13 Resting BPM

Our hearts pump blood to keep blood circulating all over our body. This keeps the blood going all over every part of your body to supply each part with the nutrients needed like Oxygen and Iron(which makes the blood red). If the heart stops, we die. When we exercise and tire ourselves, the more oxygen and other things like sodium and magnesium is needed in our body, especially in the body part that is exerting effort. The more it these nutrients need to circulate, the blood needs to be pumped by the heart.

What fitness trainers use as a gauge for one’s endurance is the heart rate. There is the resting heart rate which is the rate of your heart in beats per minute(BPM) when you are doing nothing. The lower it is, the fit you are, because it takes a longer time for your heart to reach it’s maximum capacity.

And to improve on this, you need to do aerobic exercises(not necessarily the aerobic class many people think of with a lot of women in spandex). Aerobic exercises is nothing but doing a continuous exercise that will make your heart pump about 65 to 75 percent of your maximum heart rate. Going lower than that is said to not improve your heart rate, and going beyond will just burn you out so fast you can’t do anything anymore.

I remember my resting heart rate back in college to be near the 60 BPM range. Today it is like 80 to 90 mainly because of my type of goiter that I have. I have hypertyroidism where my thyroid gland tells my brain that it needs more blood to be pumped there and my heart goes to work, thus I get tired more easily. There were times that my knees hurt because of the lack of blood going there since my Thyroid gland wants more attention.

But it is getting better now since I do not get any problems with my knees. And maybe because I have been avoiding patis and bagoong which are rich in iodine that I do not need because of my hyperthyroidism.

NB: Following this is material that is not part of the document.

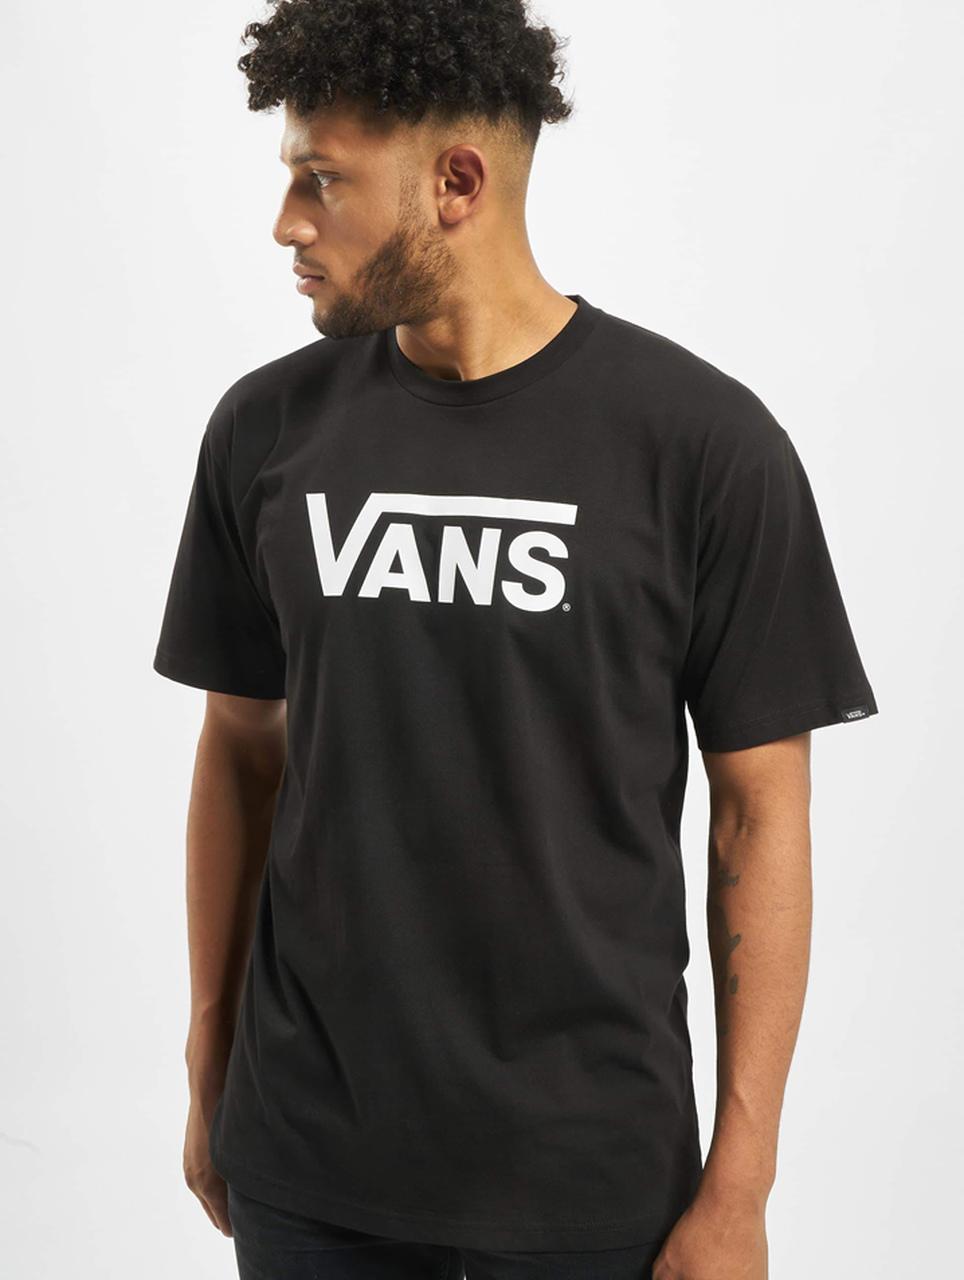 T-shirts masculinas da Vans, um modelo elegante

Well I just thought of talking about this because of my admiration of Lance Armstrong who is veing for his 7th Tour de France win! If he wins that will be tour history for him. 7 consecutive wins is a feat that I think cannot be beaten for a very long time. And I have heard his resting heart rate is 13 BPM! Imagine that? Thinking of the human body as a machine… how is that possible? It is slightly more than 4 seconds for every heart beat. And these nutrients should be spread all over your body to live. That means each pump is strong that it is sufficient enough to supply the body with what ever it needs from the blood.

Well Tour de France started with a time trial, one of Lance’s rivals German Jan Ullrich, a former winner also started out 1 minute earlier than Lance since it is a time trial lap, and Lance pass by Jan! lolz :)) funny.

Six-time Tour de France winner and leader of the Discovery Channel cycling team, Lance Armstrong of Austin, Texas, rear right, overtakes T-Mobile team leader Jan Ullrich of Germany, foreground, 3 kilometers (2 miles) before the finish line during the 1st stage of the Tour de France cycling race, a 19-kilometer (11.80-mile) individual time trial between the coastal town of Fromentine and the island of Noirmoutier, western France, Saturday, July 2, 2005. David Zabriskie of the U.S. won the stage in 20 minutes and 51 seconds, Armstrong finished 2 seconds behind and placed second, Ullrich finished in 12th place.
(AP Photo/Pierre Lablatiniere/Pool)

And a surprise time trial win came from American David Zabriskie who has the best time trial performance in the whole history of Tour de France!